Indeed, the gaping hole in the CDC’s new document is the lack of acknowledgement that spread of Covid-19 may be happening among asymptomatic people after day 5 of illness. It almost certainly is. The question is, to what extent? The CDC offers, to my read, zero data or insight on this. If they have data or modeling to support their new approach, I’d like to see it. Instead, today’s guideline skips all of this, relegating rebound (Paxlovid or otherwise) to a footnote. This is bizarre when we know that a striking number of people are now experiencing rebound and are thus contagious for longer than we thought they might be, including some who did not even take Paxlovid. Meanwhile, when President Biden experienced rebound during his recent Covid illness, he did the right thing by resuming isolation until he was again negative on rapid testing. Apparently, the CDC thinks that was unnecessary. Again, if they have data to support that contention, we’d like to see it.

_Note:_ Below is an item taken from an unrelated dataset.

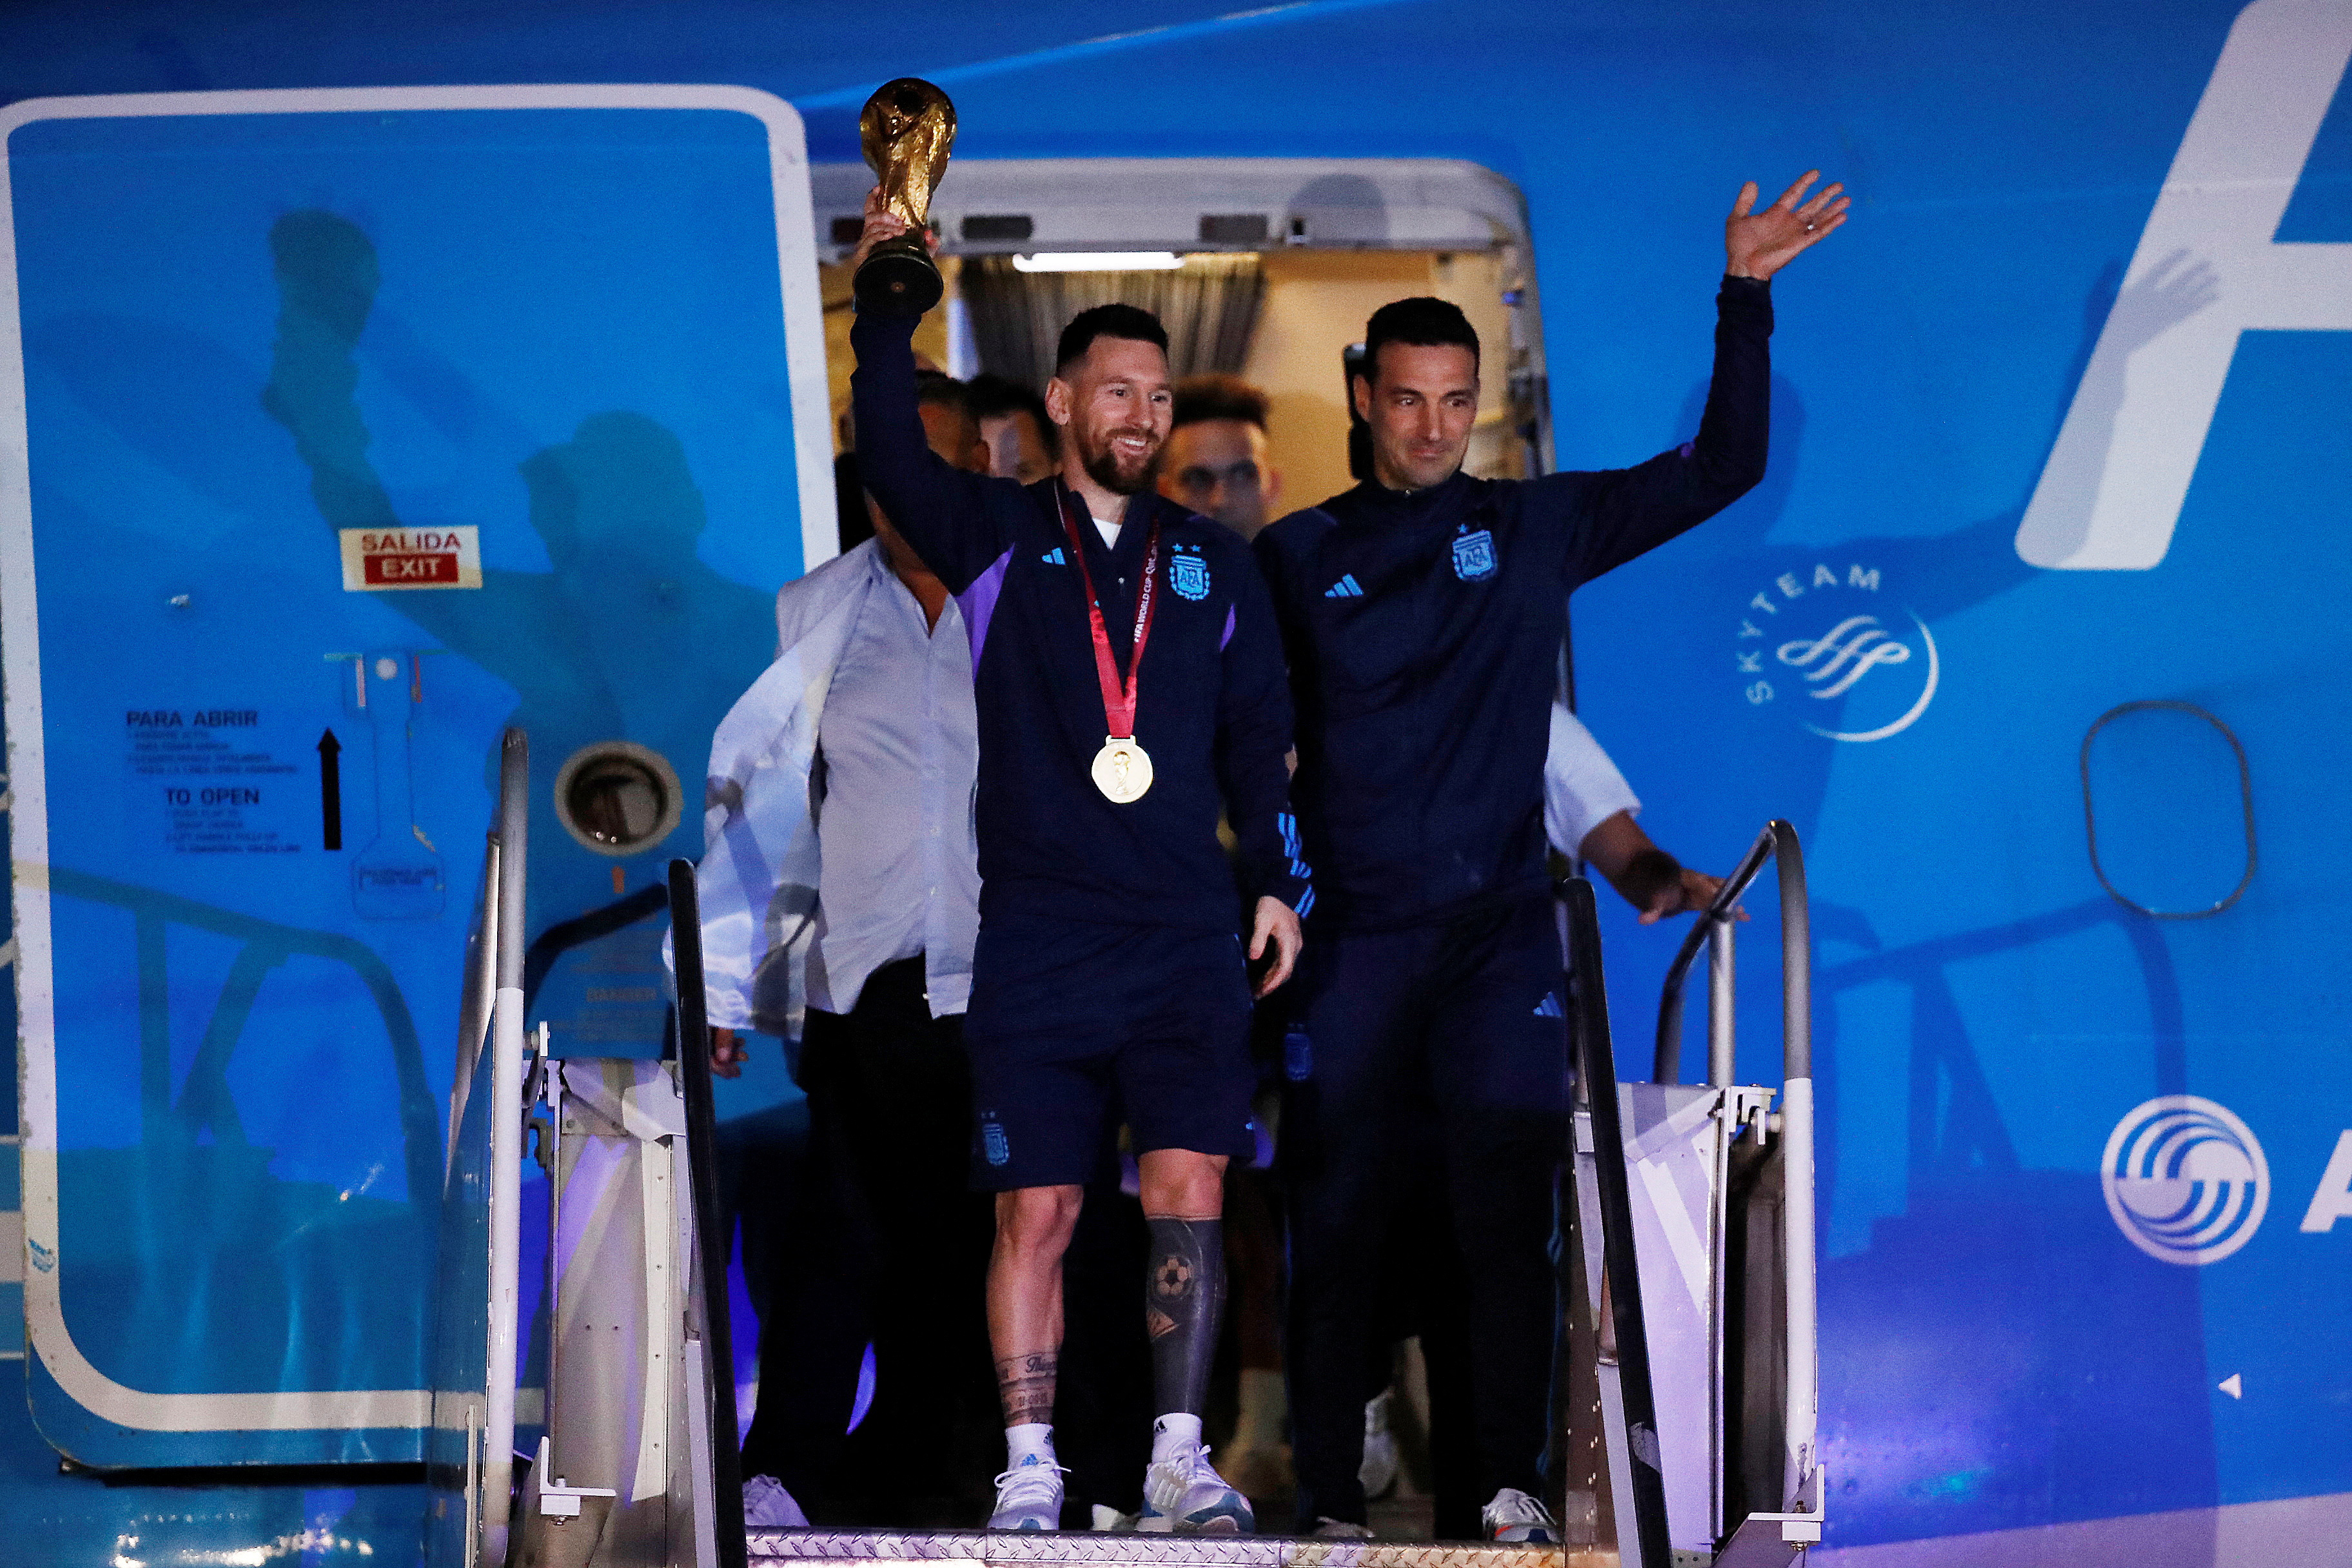 Argentina team arrived in Buenos Aires after winning the World Cup

Ironically, there’s one way to interpret the new CDC flowchart that negates all of its baroque complexity and implicit permission for recovering patients to spread Covid more freely. Within its guidance for what Covid-positive people should do after day 6 of illness, the flowchart says to, “[A]void persons at high risk for severe illness.” Since people at high risk for severe illness are everywhere (and often impossible to identify), perhaps what they’re really trying to say—wink, wink—is that if you have Covid, stay home.

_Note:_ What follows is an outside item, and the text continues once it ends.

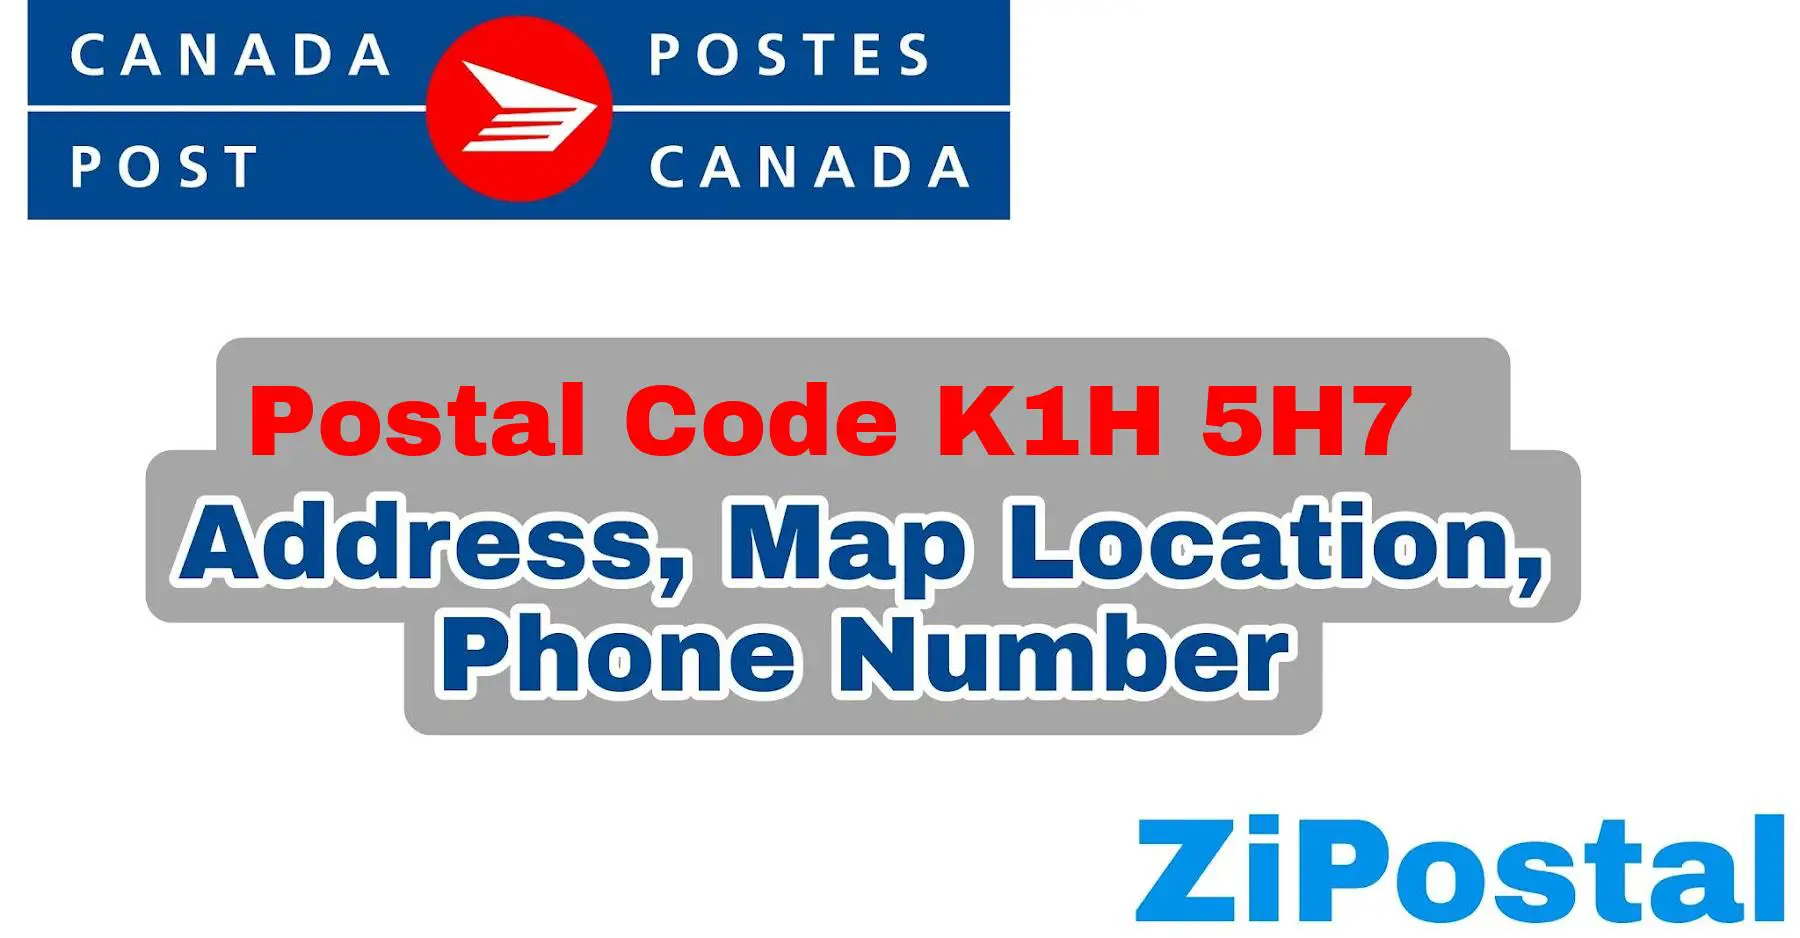 Postal Code K1H 5H7 Address Map Location and Phone Number

The CDC also says that anyone with a Covid-19 exposure should be tested. Again, since exposures are so frequent among people doing anything in public, one could interpret the CDC guidance as saying that, given current Covid prevalence in most places, for the purposes of screening to keep public accommodations open and safe, many people should still routinely get tested. Sure, when Covid is no longer very prevalent, routine screening will make less sense. However, as Covid remains rather prevalent, routine testing in many public settings (like schools) continues to make sense, both to decrease spread and to decrease the overall number of days people in a community have to stay home.
The CDC’s new guideline looks like a gamble to me. Note that I used the term gamble, as opposed to “calculated risk.” To make a calculated risk, one must do calculations. If that work has been done, nobody has shown their work, as far as I can determine. So, today’s guidelines leave me puzzled, curious, and uneasy, rather than impressed.